Children Welfare
Abstract
The child welfare system in a given society aims to promote the well-being of children by ensuring their safety, achieving permanency, and promoting stronger families in which the children are raised. The first interactions with child welfare systems in most families happens when there are cases of child maltreatment. The federal law defines child maltreatment as serious harm caused to children by parents or caregivers. The harm to children may occur in the form of neglect, physical abuse, sexual abuse, or emotional abuse (McDonell & Skosireva, 2009). Such Maltreatment can also arise when the parents or caregivers allows it to happen or does nothing to prevent it from occurring to the child. In most cases, child welfare is not a single unit, rather a system that comprises organizations that include community establishments, law enforcement agencies, public social services, foster care, and health systems, among others. Child welfare is complex, and their specific procedures may vary within different jurisdictions.
Introduction
Each year, approximately six million cases of child abuse and neglect are reported while the majority go unreported (Hamilton, 2017). As such, the vice poses long-term challenges in the human and fiscal environment since they affect not only the victims but also their families. Future relationships and society at large. As such, child welfare programs should not only reach out to the victims but should also come up with holistic strategies that are far-reaching as opposed to the traditional fragmented success of the programs. As such, the program will be aimed at solving the welfare issues faced by the children while incorporating societal factors that affect families, thereby affecting the targeted children. In Florida, child neglect abuse and neglect is still alive today and has seen over 22,000 children raised in foster care. These are just the lucky few; more cases need the child welfare systems services to improve permanency outcomes for the children who, at times, will be forced to leave their homes. As such, the program will be based in Florida and will primarily address services that limit the removal rates in families and build on facilitating adoption and reunification of children in need.
Literature Review
Child welfare systems provide four main services, which include child protection investigations, family-centered services, and support, foster care, and adoption (Tarren-Sweeney, 2019). As such, the programs operate in an environment that needs accessibly throughout without fail to receive child maltreatment reports every day, day, and night. They are also faced with diverse populations, which include family histories, needs resources, cultures, and expectations (McCroskey and Meezan, 1998). Children found to have been abused or neglected may remain in their homes, but those perceived to be in danger as per the child welfare assessment are placed in out-of-home care. Initially, such care in temporary and gives the parents/guardians a chance to change their behavior, seek social support, and ensure the living environment is safe for the child to enable them to reunify them with their children. The situation if Florida is not unique, as similar child welfare issues characterize it, thus reinstating the program’s problems and the need for increased child protection services.
To some degree, the cultural, religious, and political affiliations in a society affect children’s welfare and how the issues are handled.
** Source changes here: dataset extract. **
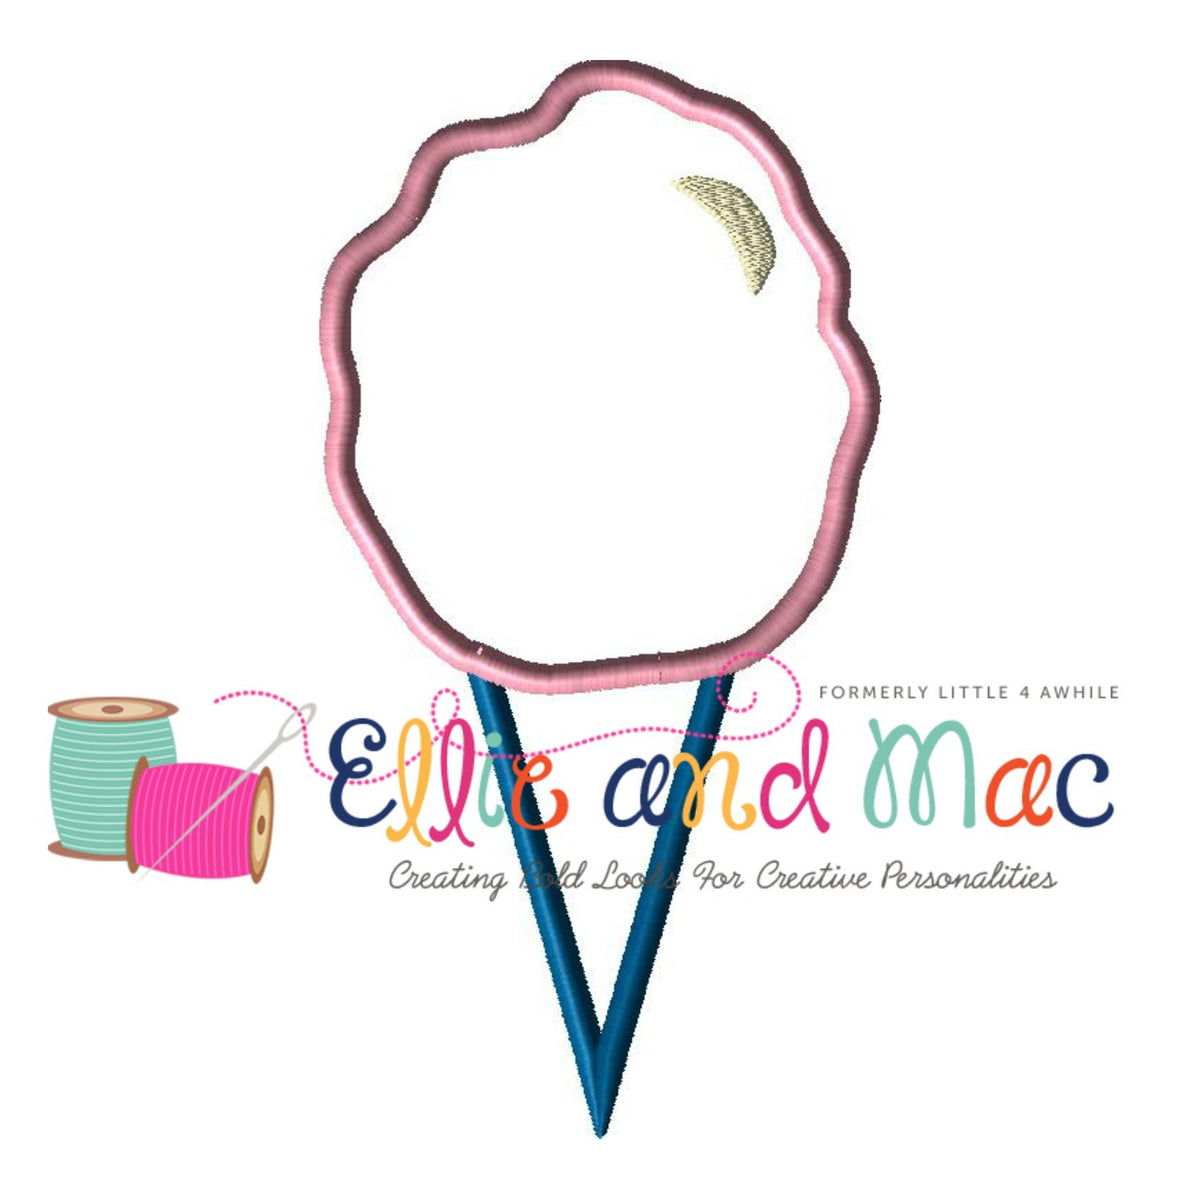 Cotton Candy Applique Embroidery Design - Ellie and Mac, Digital (PDF) Sewing Patterns | USA, Canada, UK, Australia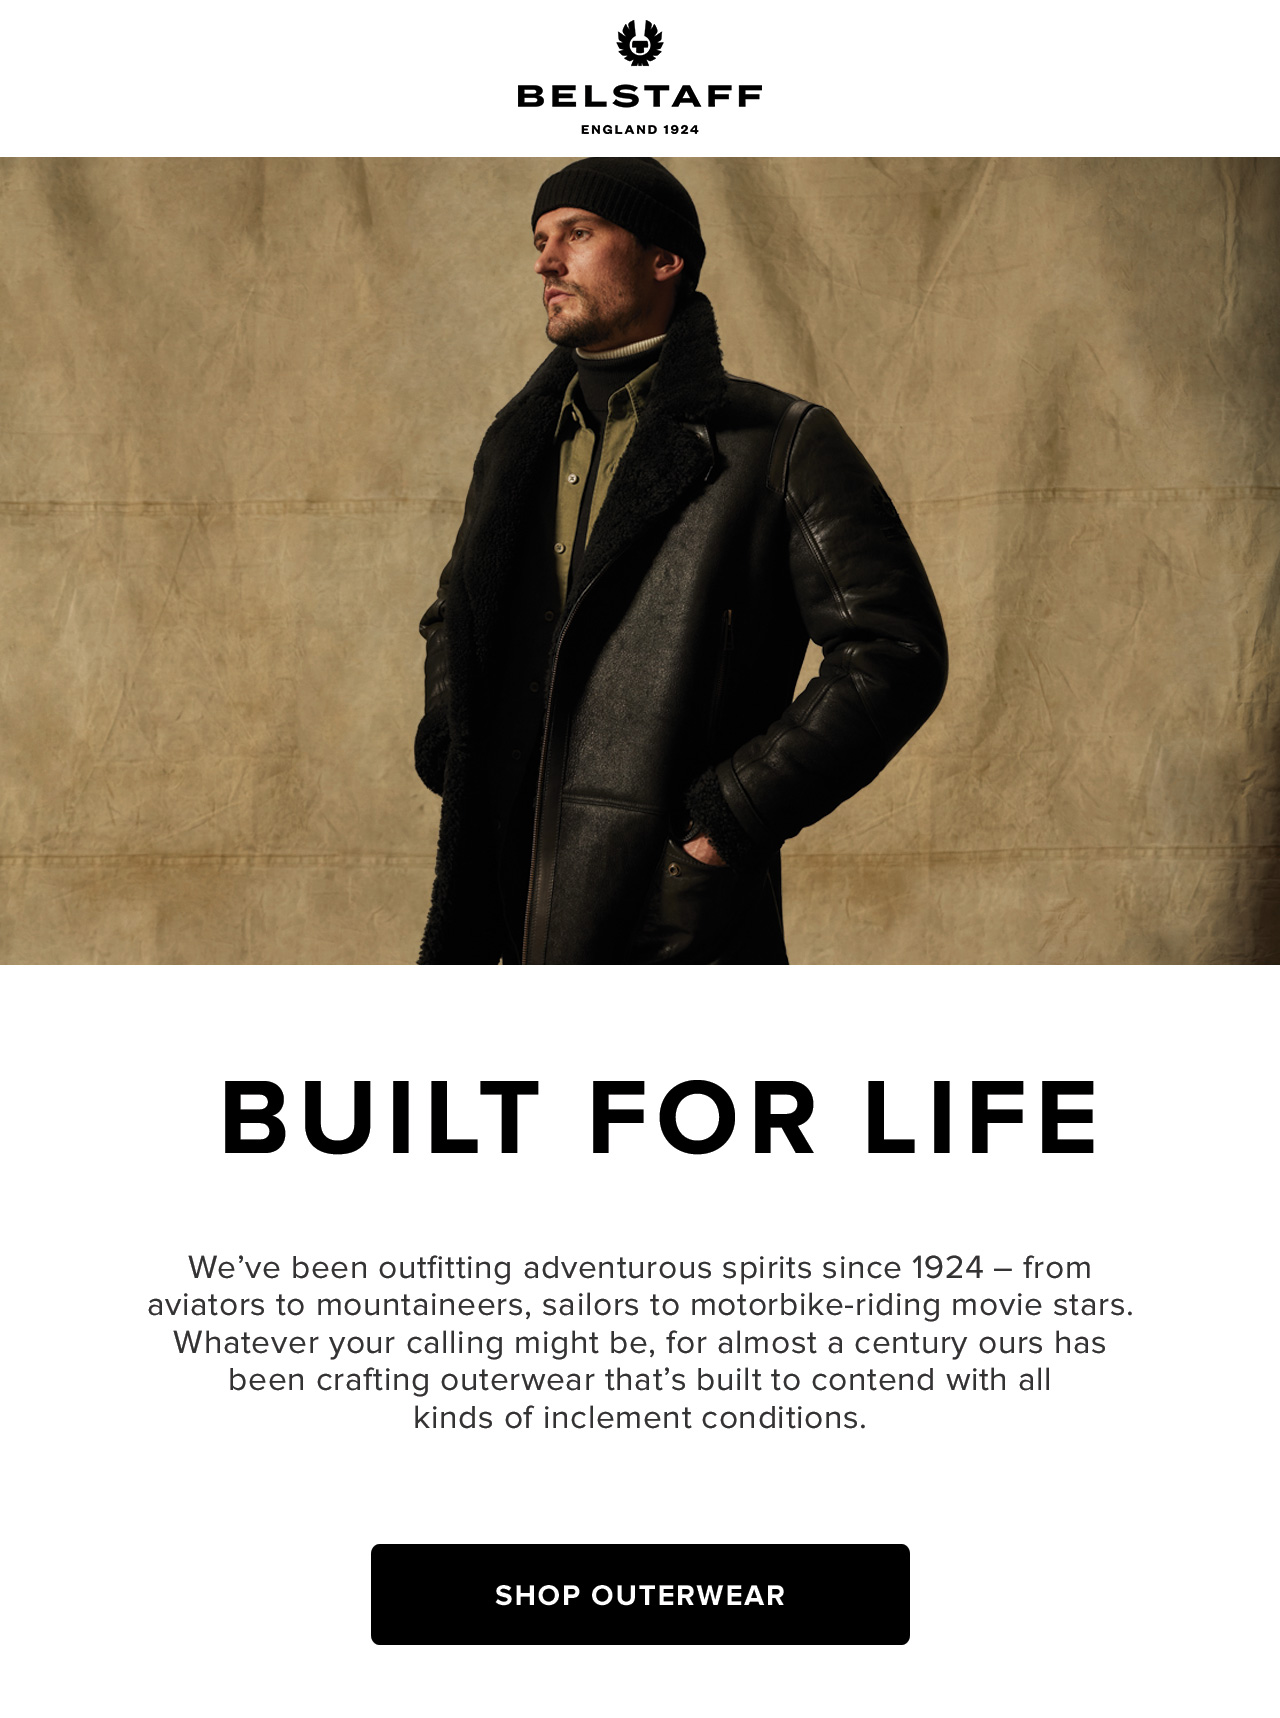 We've been outfitting adventurous spirits since 1924 - from aviators to mountaineers, sailors to motorbike-riding movie stars. Whatever your calling might be, for almost a century ours has been crafting outerwear that's built to contend with all kinds of inclement conditions.

Typically, parents are in charge of molding the behavior and thinking of their kids and may decide how they parent their kids in the future (Cowperthwaite, 2010). This contributes to the conviction of parents in taking good care of their children, which at times is also contributed by religious beliefs. For example, in a Muslim background where girls are expected to remain virgins till marriage, they might be evicted from their families when they are involved in teenage sex, which is part of the new norm of the 21st Century. To an extension, social ills that make kids vulnerable can be accelerated by the political situation of a country. For example, in the United States, being a capitalist state, the system widens the gap between the rich and the poor, thereby leaving children from low-income families exposed.
Children welfare issues pose a great social and economic costs to the communities that do not invest resources to take care of vulnerable children. As such, child welfare programs should include abuse prevention, services like health and education, and other long term programs like housing. In the absence of these programs, the society is exposed to future social issues which include drug use and alcohol misuse, mental illnesses, juvenile offending, criminality, among others. Cost associated includes incarceration costs for the offenders, medical costs due to poor health, lowered productivity from lack of education, and the dependency on government services for upkeep when people cannot fend for themselves. As such, there is a substantial direct cost associated with child neglect. Additionally, other than the identifiable social and economic costs, it is within children and human rights, for children to receive the kind of care offered by the welfare programs.
Background History on the Program
In Florida, child welfare programs were championed by the Children’s Home Society of Florida, which operates as a nonprofit organization and founded in 1922 by Rev. D.W. Comstock through the help of community leaders. As such, child welfare programs are not new in Florida; however, there is still a big gap in the society that needs to be fulfilled. CHS has largely been the face of child welfare promotion in the state. It has structured its programs to include investigating alleged child abuse, foster care, adoption services, early education, and support services that ensure that families remain habitable and nurture children in a safe environment. Besides, CHS has played a big role in pushing and passing of children’s rights and welfare legislation in the United States, which has since been adopted as part of the federal laws for the country. Florida children’s council has undertaken much of the policy needs in the children’s welfare system. Besides, they also work with individual children services councils, advocacy organizations, and the Florida executive and legislative branches to ensure the effectiveness of the policies and yield positive results for communities and that state, regarding children welfare issues (“Priority Issues – Florida Children’s Council,” 2020).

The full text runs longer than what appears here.